Prompt
In your copy of the data, keep every word exact and include no pictures.

Information provided

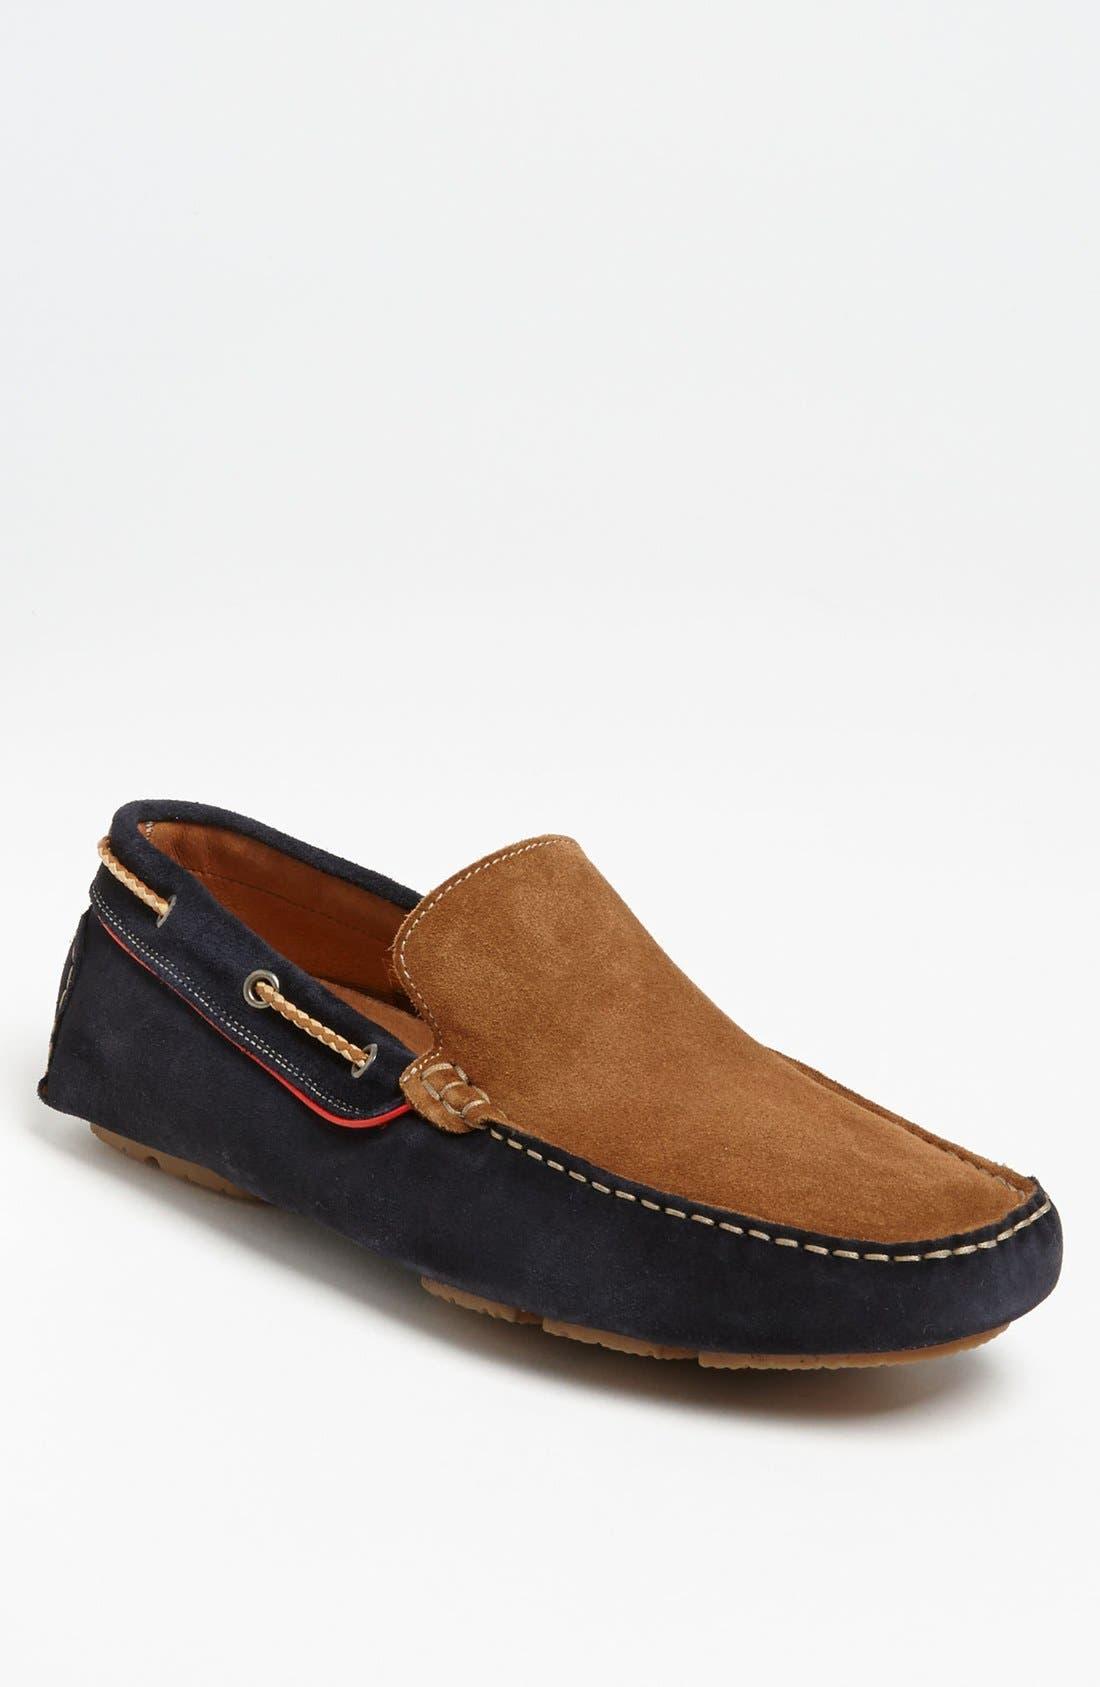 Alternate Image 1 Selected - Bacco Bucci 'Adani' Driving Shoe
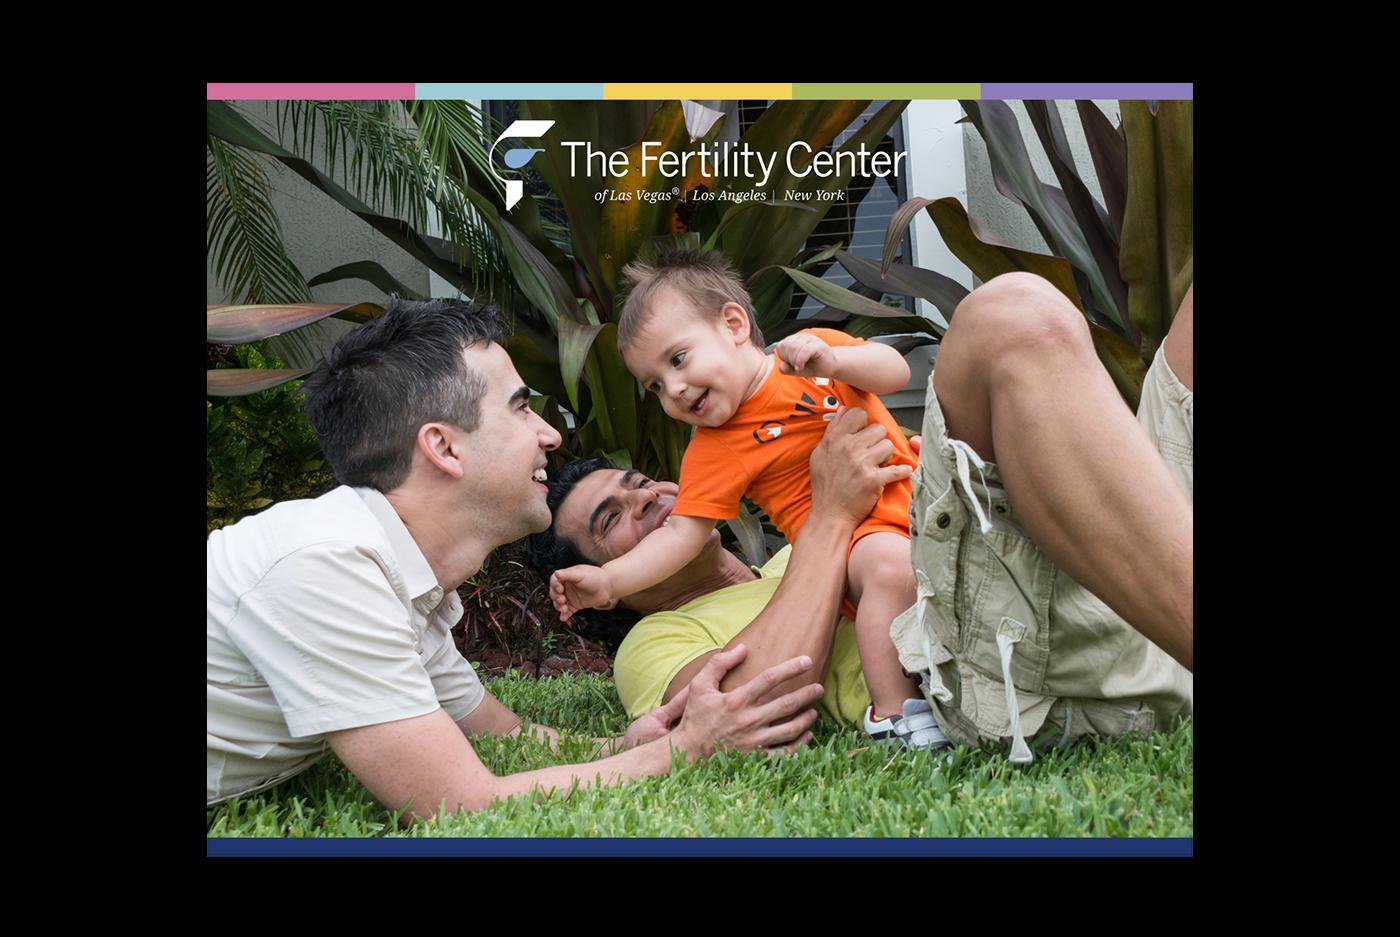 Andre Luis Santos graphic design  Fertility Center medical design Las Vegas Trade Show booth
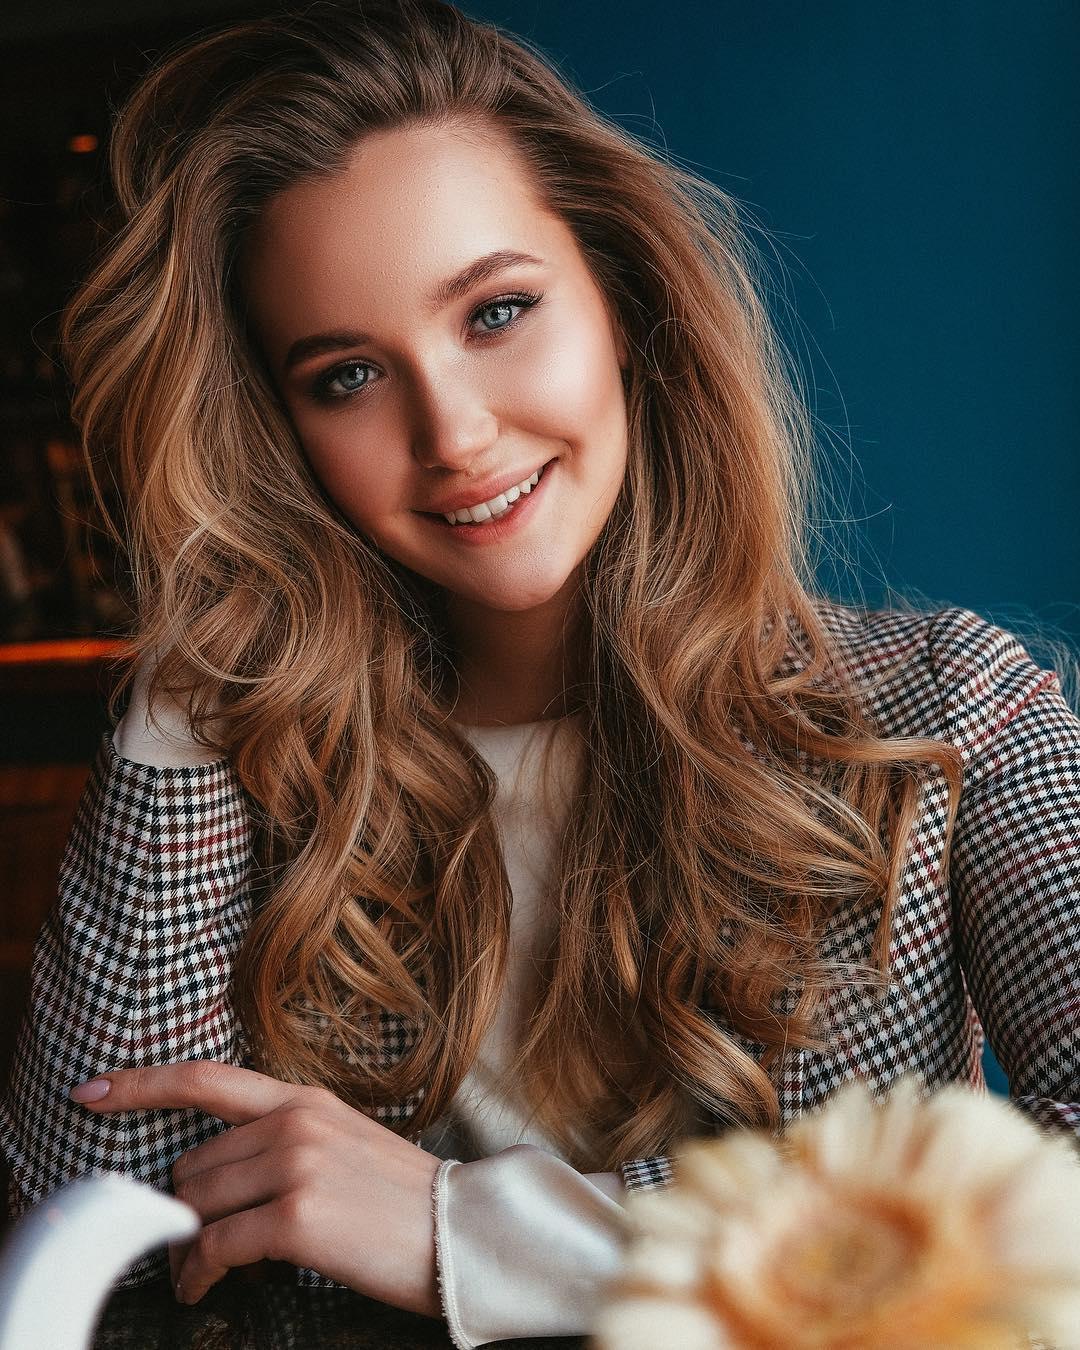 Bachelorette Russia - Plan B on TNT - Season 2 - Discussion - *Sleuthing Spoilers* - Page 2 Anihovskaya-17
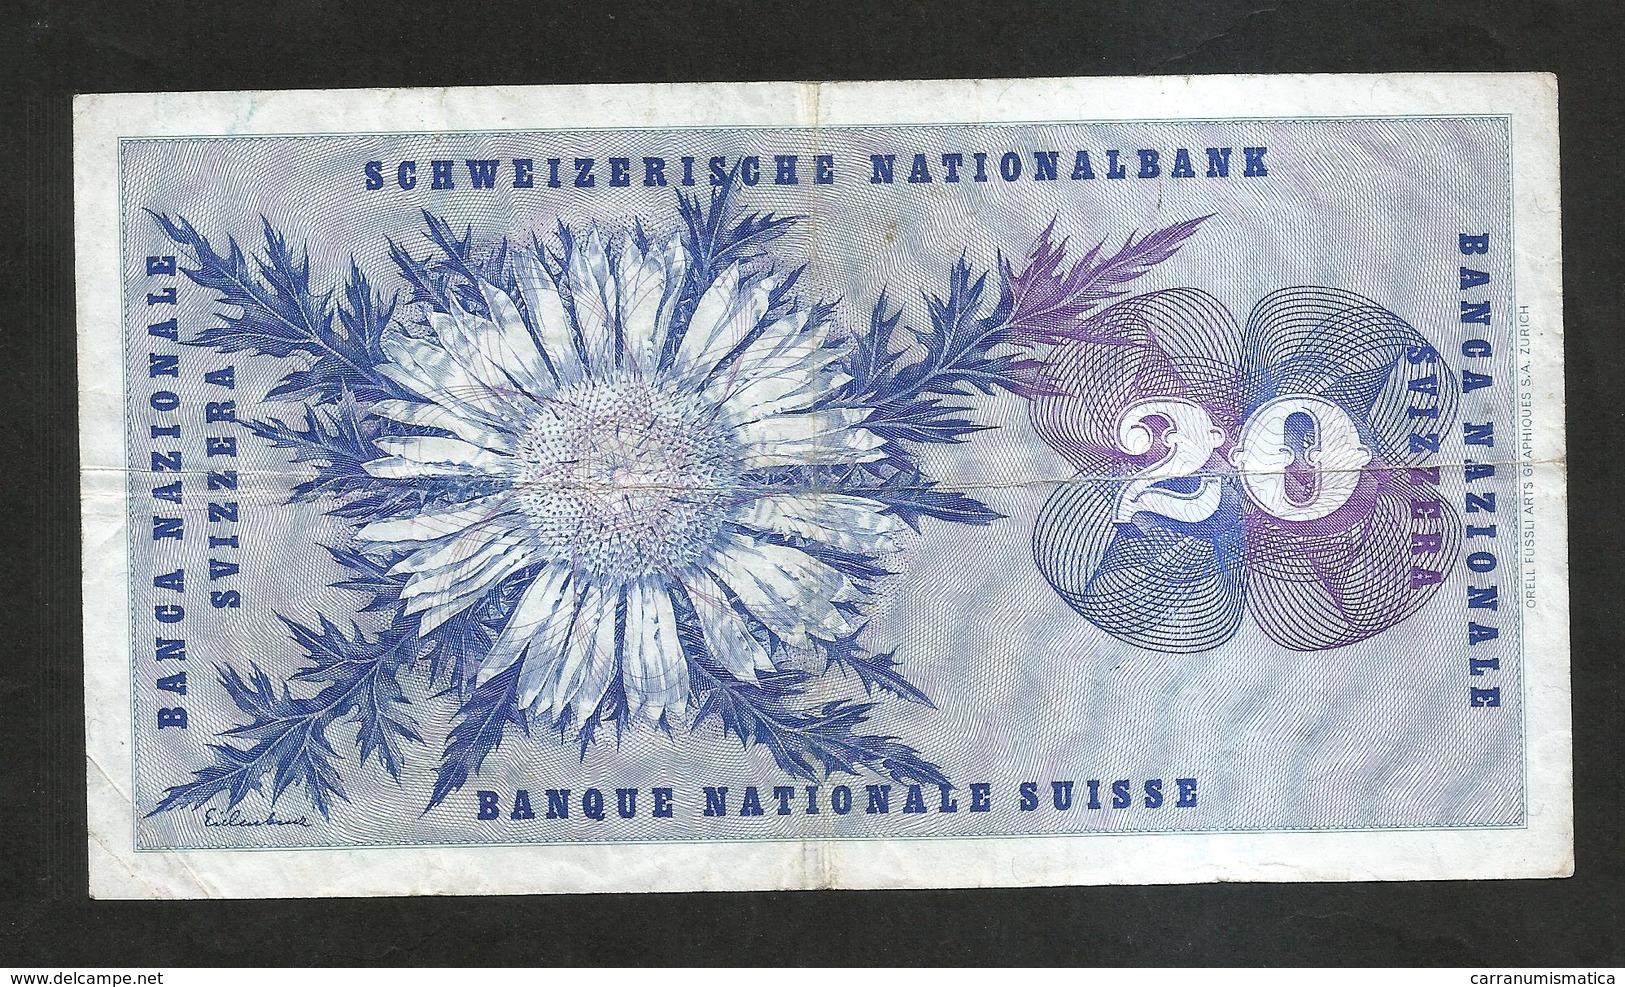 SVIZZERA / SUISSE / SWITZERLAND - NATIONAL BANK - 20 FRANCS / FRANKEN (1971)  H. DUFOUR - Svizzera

Exercise result
 Alternate Image 1 Selected - Bacco Bucci 'Adani' Driving Shoe
 Andre Luis Santos graphic design  Fertility Center medical design Las Vegas Trade Show booth
 Bachelorette Russia - Plan B on TNT - Season 2 - Discussion - *Sleuthing Spoilers* - Page 2 Anihovskaya-17
 SVIZZERA / SUISSE / SWITZERLAND - NATIONAL BANK - 20 FRANCS / FRANKEN (1971)  H. DUFOUR - Svizzera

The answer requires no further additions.